Referring to Khan’s “learning dashboard,” Steinhauser said that while teachers try to track progress of their students, “we don’t have the resources or manpower to design a program that is so individualized.” He cited the example of a 3rd-grade teacher who found that eight of her 25 students needed more help in learning a particular skill. The teacher could connect them to the Khan Academy while other students worked at a more accelerated pace. “It is truly a game changer for kids and families in closing the achievement gap,” he said.

This fall, the Khan Academy will launch new tools for teachers anywhere, not just for the six Southern California partnerships, . The tools will make it easier for them to make assignments and to track student progress.

One of the benefits of the partnerships, Khan said, is that it will allow his organization to gauge the efficacy of the tools they are developing in large scale applications. “These will be places where we can work with teachers so we can understand what is working well for them, and what is not, and how we can improve the product, and how we can create training, and scale this up for teachers everywhere.”

To assist teachers, the Khan Academy will send what Khan called “super users” of its materials as “ambassadors” into schools to work with teachers.

One reason the newly announced partnerships are even possible is that in recent years school districts throughout the state have had to ensure that they have adequate technological and Internet access to allow students to take the Common Core-aligned Smarter Balanced tests each year.

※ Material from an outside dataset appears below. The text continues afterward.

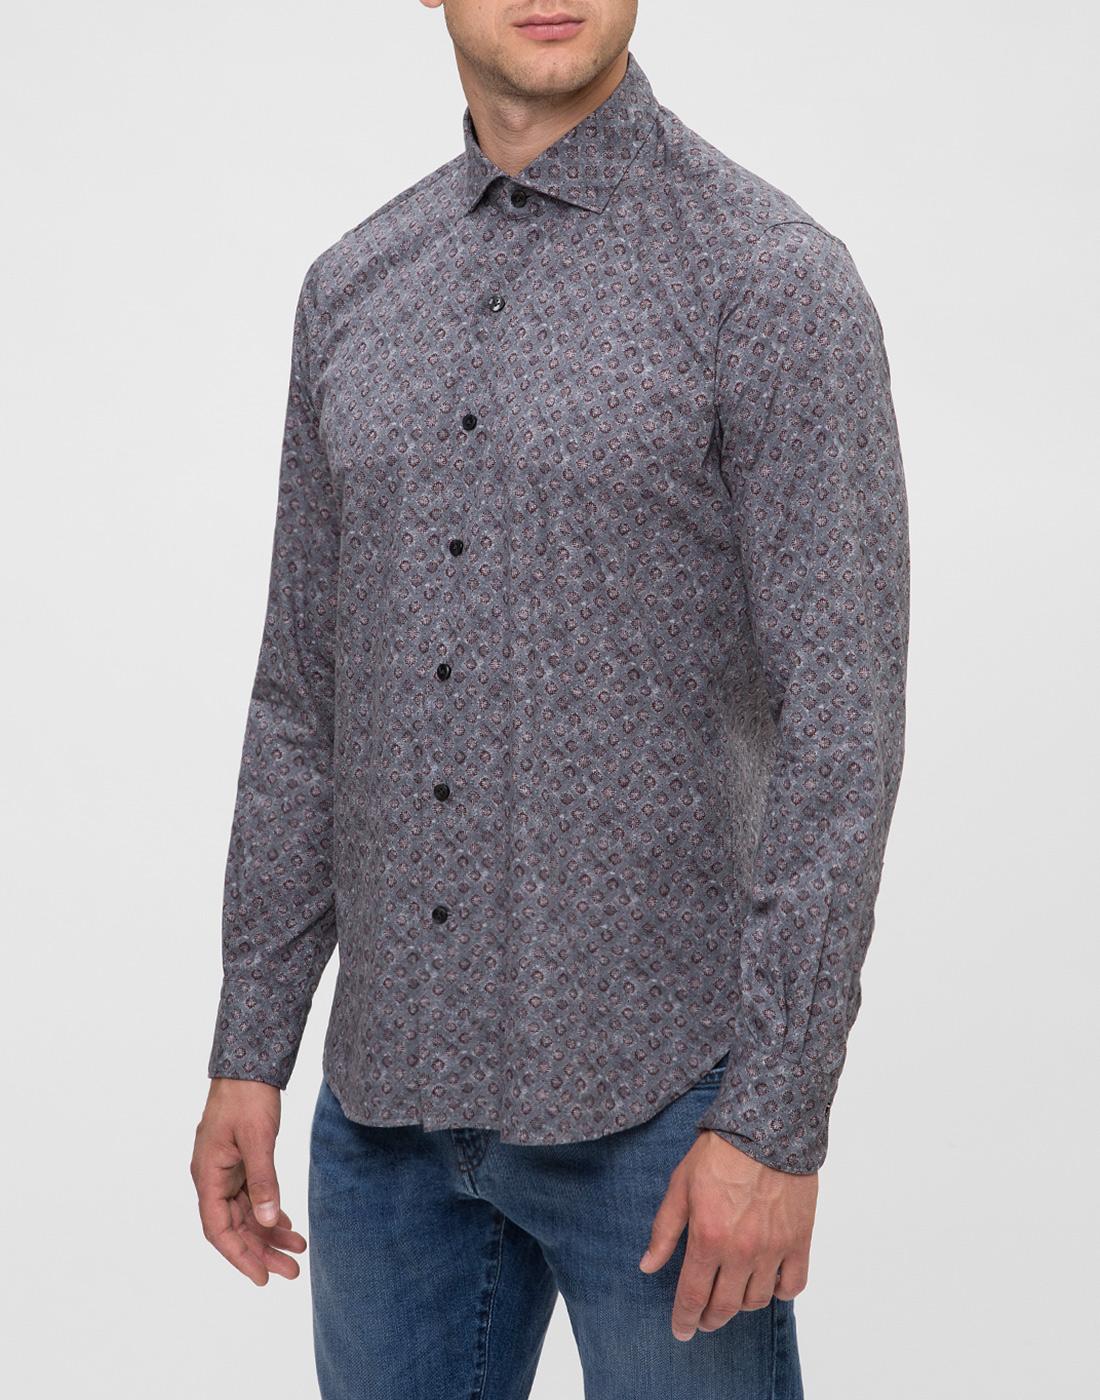 Мужская серая рубашка с принтом Orian S02P258 80-3

For the first time, students have been required to take these tests online.

Khan said that districts have a lot more online capacity than they had two or three years ago. “That was one of the biggest catalysts, and why we can even have these conversations,” he said.

He stressed that the use of his materials in the classroom is not a “panacea” for the challenges of preparing students for college and beyond.

“This is a tool which we can use to intervene to help teachers and parents in a fairly scalable way, and actually measure students’ gains and their levels of engagement,” he said. “If we can show that this is doable in these large, diverse districts, it will be a powerful proof point that this is possible.”